RECORDED INFORMATION =>
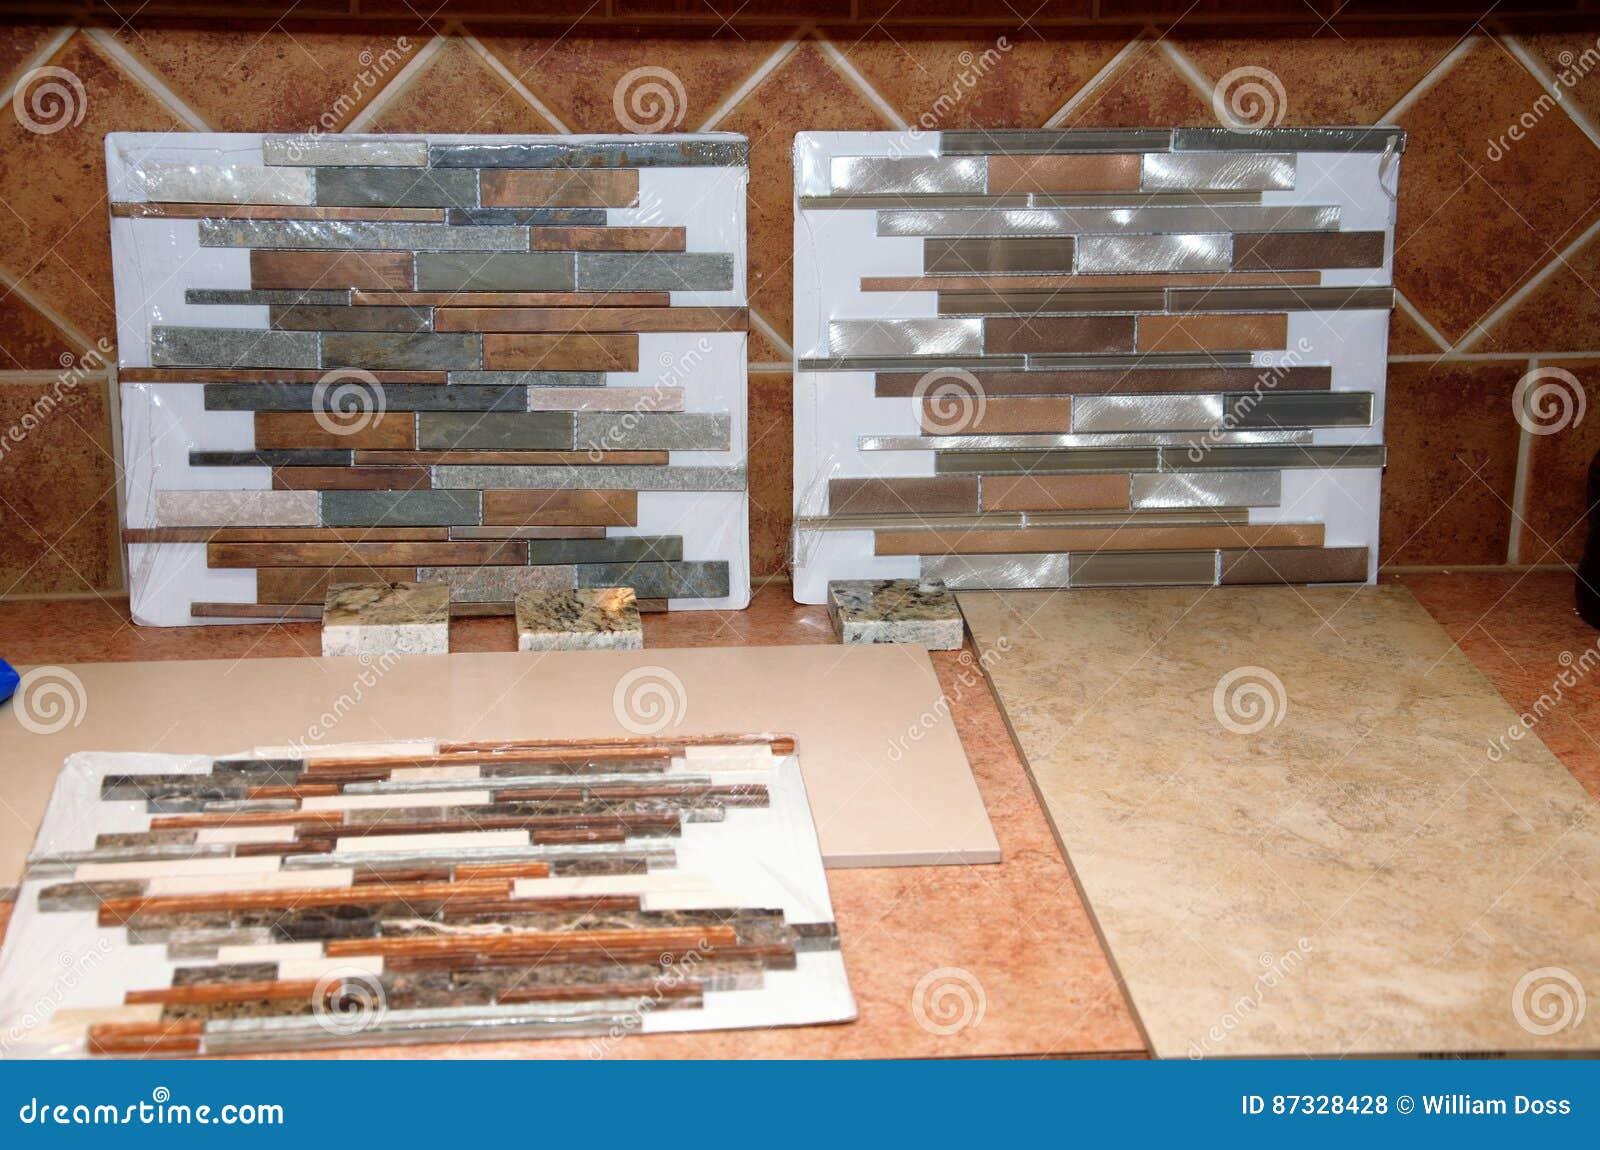 Kitchen Tile Samples tile samples stock photo - image: 87328428
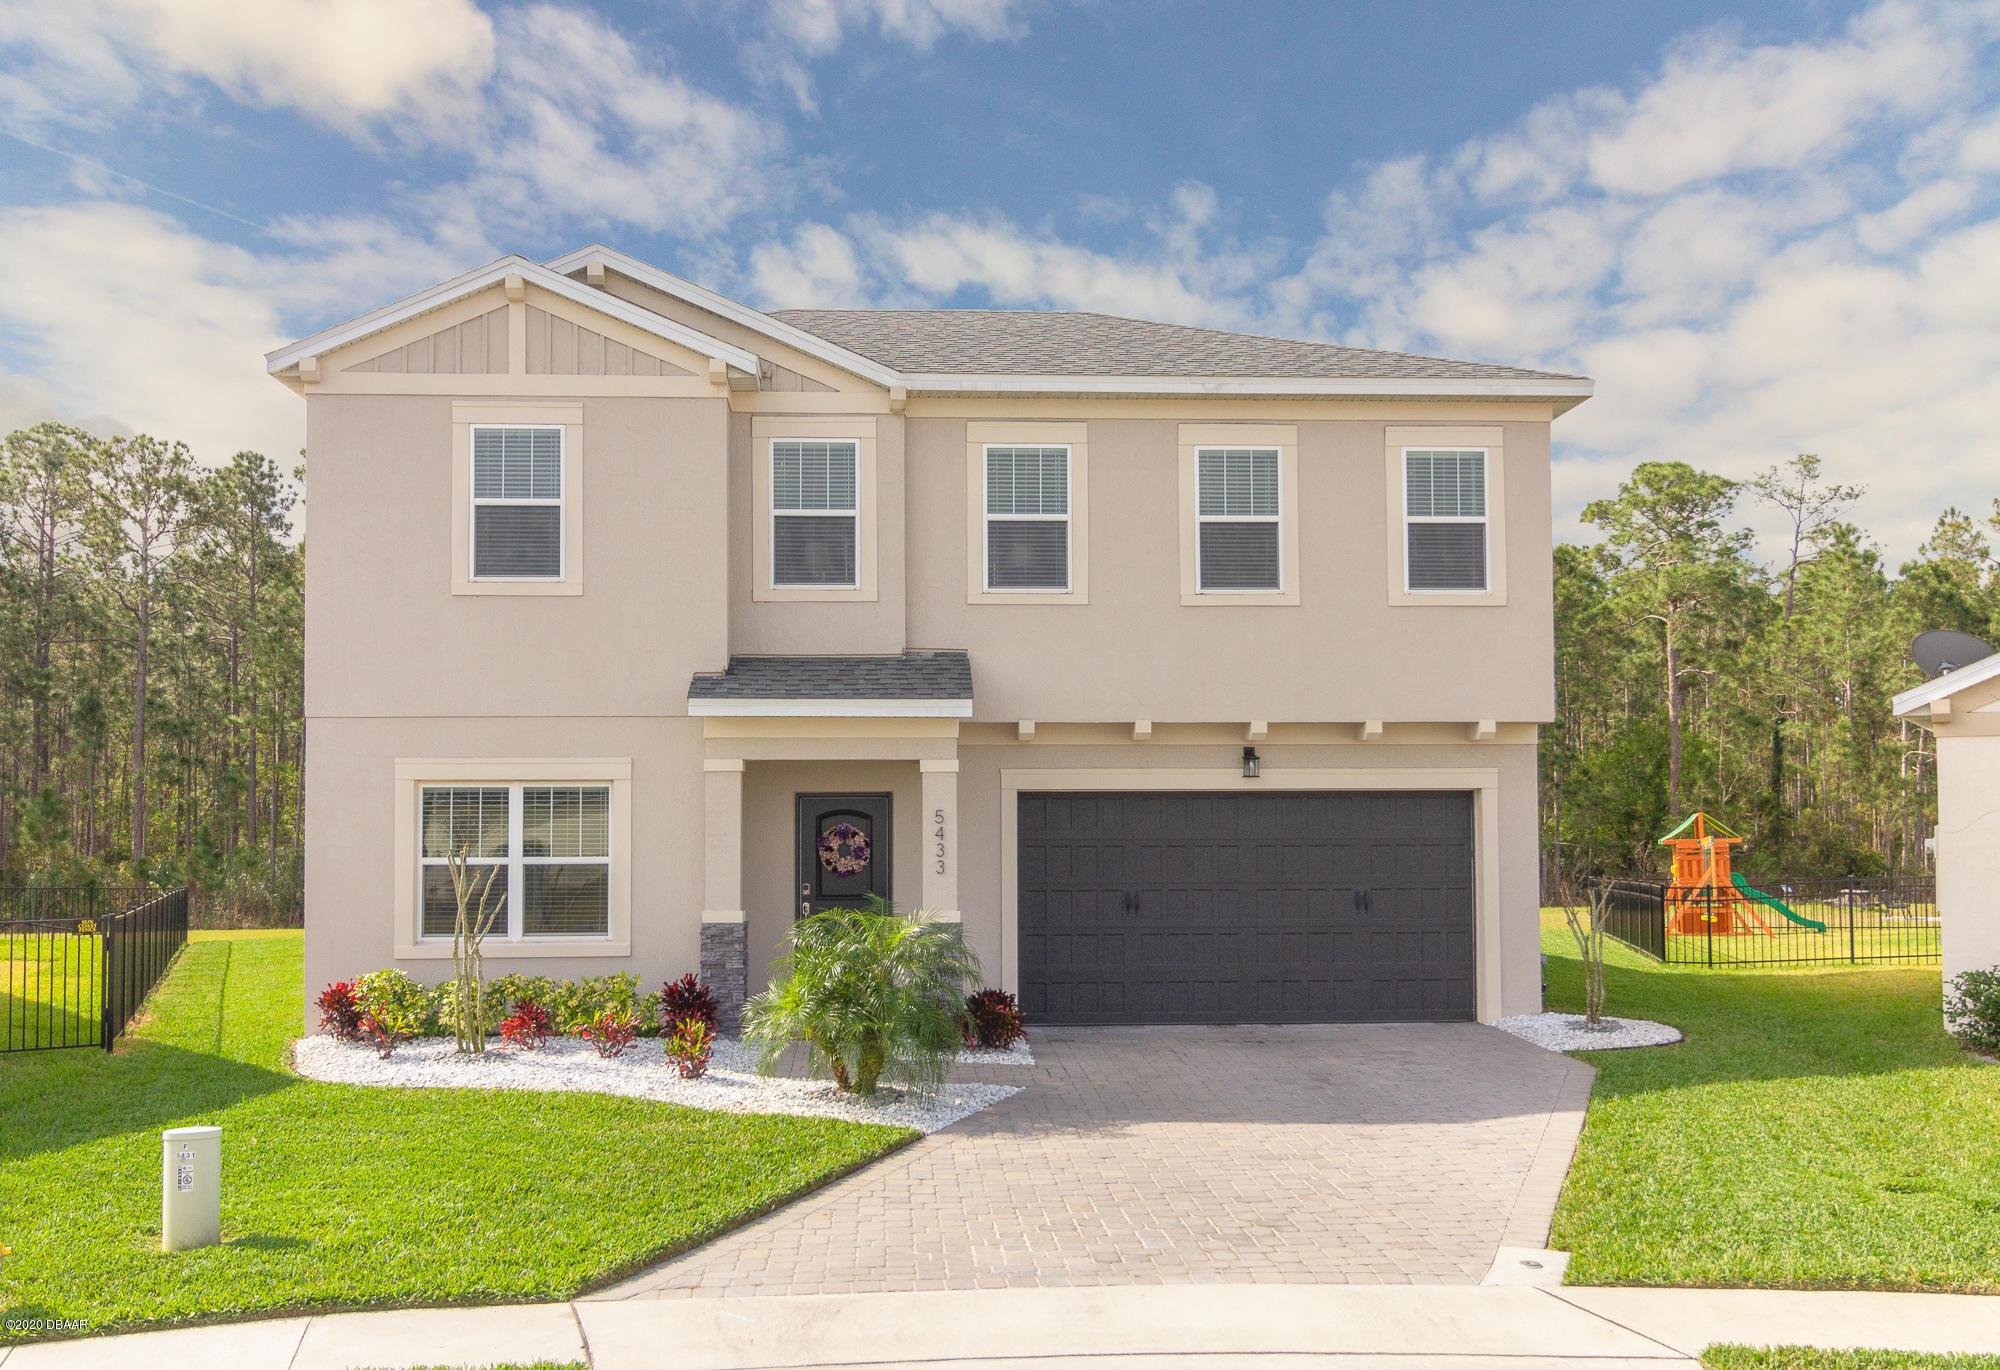 Photo of 5433 Hutchinson Street, Port Orange, FL 32128
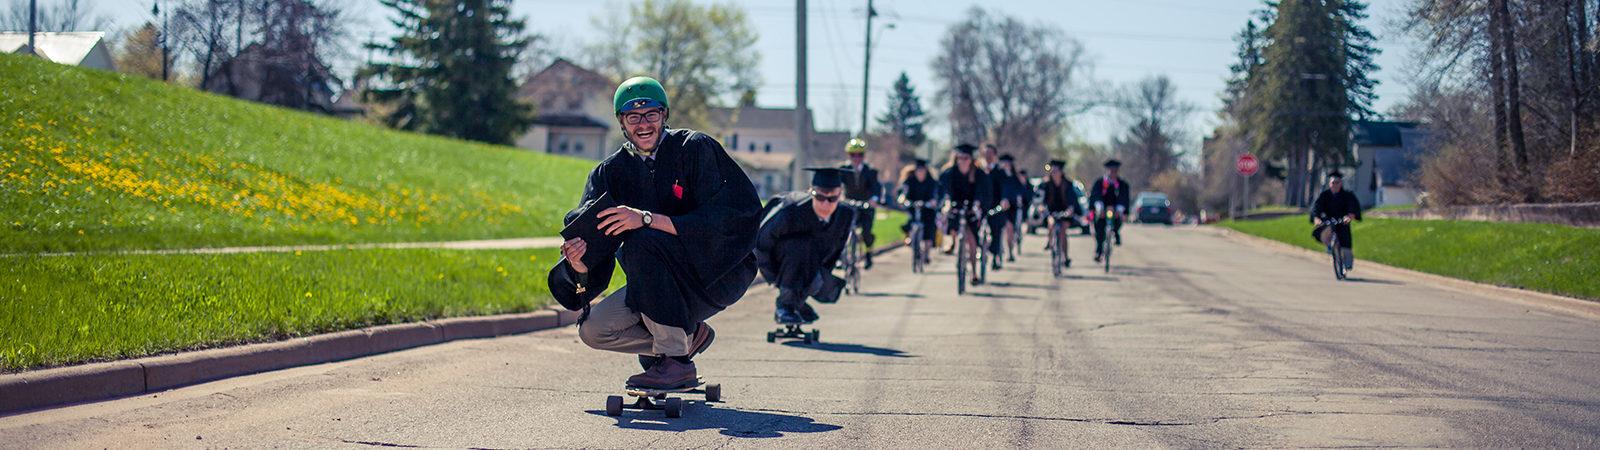 students skateboarding at graduation

PROBLEM REQUIREMENTS => Your output should be the lines from the one with "Photo of 5433" through the end of the listing, copied exactly and with the pictures left out.

ANSWER TO THE EXERCISE =>
 Photo of 5433 Hutchinson Street, Port Orange, FL 32128
 students skateboarding at graduation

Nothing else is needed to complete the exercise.